Chapter 16- Wolves in the Graveyard

The man blinked. "What—?"

Ashen vanished.

A flicker of motion, and a gust of wind followed—a pressure wave so sudden it sheared a shallow groove into the ground behind him. Before the first mercenary could even turn, Ashen appeared at his flank, blade half-drawn.

The shockwave came an instant later.

One man crumpled with a guttural scream, his weapon arm severed cleanly at the elbow. The others staggered back in disbelief, several drawing firearms with shaking hands.

"He's fast—!!"

Gunshots rang out, but Ashen was already moving—each burst of speed a blur of impossible motion. His form danced between bullets like smoke, his blade flashing just enough to deflect one, two—then the guns clattered uselessly to the dirt.

Another slash came—this one horizontal—and the air cracked open.

A compressed arc of pressure carved a line through stone and steel alike, knocking two men unconscious before they could even scream. The last survivor dropped to his knees, breath hitching in his throat.

"W-wait! Please! I just— I'm just trying to live!"

Ashen sheathed his sword fully.

"Then leave. Before I decide you're not trying hard enough."

The man fled without another word, disappearing into the ruins.

Ashen stood alone again.

This was no longer the entrance to a forgotten depot—it was the threshold to something deeper. He hadn't come here to make a statement. He came to test himself.

But the island was already watching.

And something was watching back.

Ashen pressed deeper into Baron Hollow's interior, where broken watchtowers stood like forgotten spears against the starlit sky. Each step into the heart of the island felt like a descent—not just into ruin, but into something darker. The wind was quieter here. Oppressive.

He passed the remnants of a war not recorded in Marine logs—bones in rusted armor, banners buried beneath ivy, cannons half-sunk in earth. This had once been a fortress. Now it was a crypt.

And still, he felt eyes on him.

More than just scavengers, he thought. Someone's organized.

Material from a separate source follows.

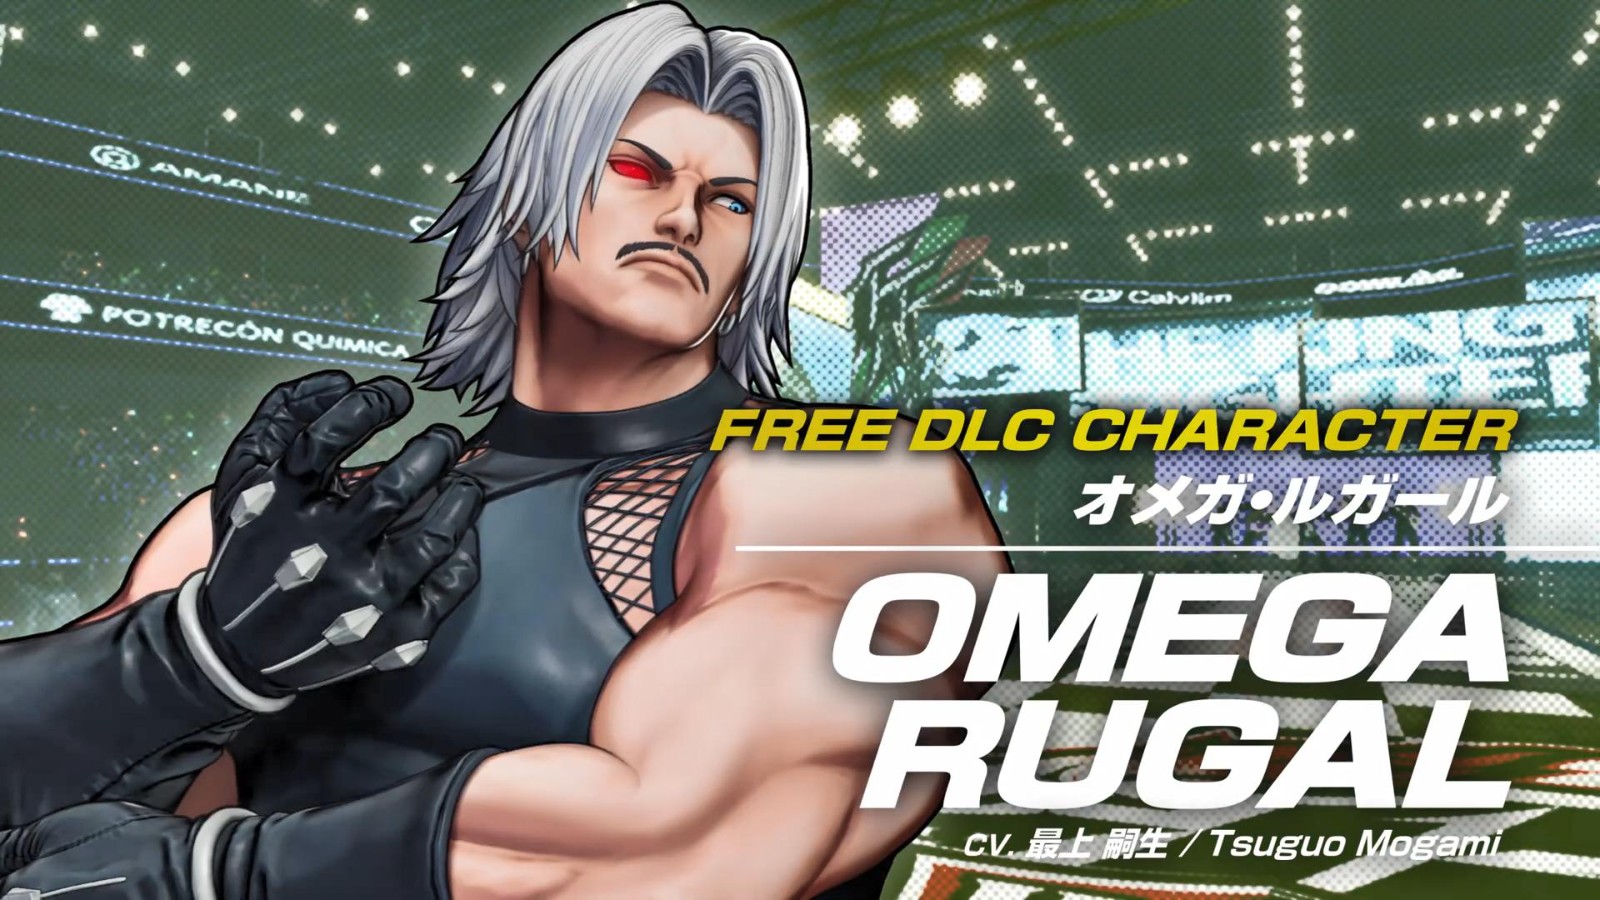 《拳皇15》公布免费DLC角色欧米茄·卢卡尔 4月14日上线

Suddenly, the ground shifted beneath his feet. He barely had time to react before the earth gave way—stone tiles dropping as hidden mechanisms groaned alive. Ashen's body blurred into Soru just before the trapdoor snapped fully open. But even as he landed lightly to the side, a net of sharp wires snapped toward his neck.

Tekkai surged instinctively.

The wires bit into skin and clothing, but not flesh. Sparks danced off his reinforced body as he twisted, tearing the threads apart with a clean draw of his blade. The trap disarmed, he crouched low and surveyed the mechanism.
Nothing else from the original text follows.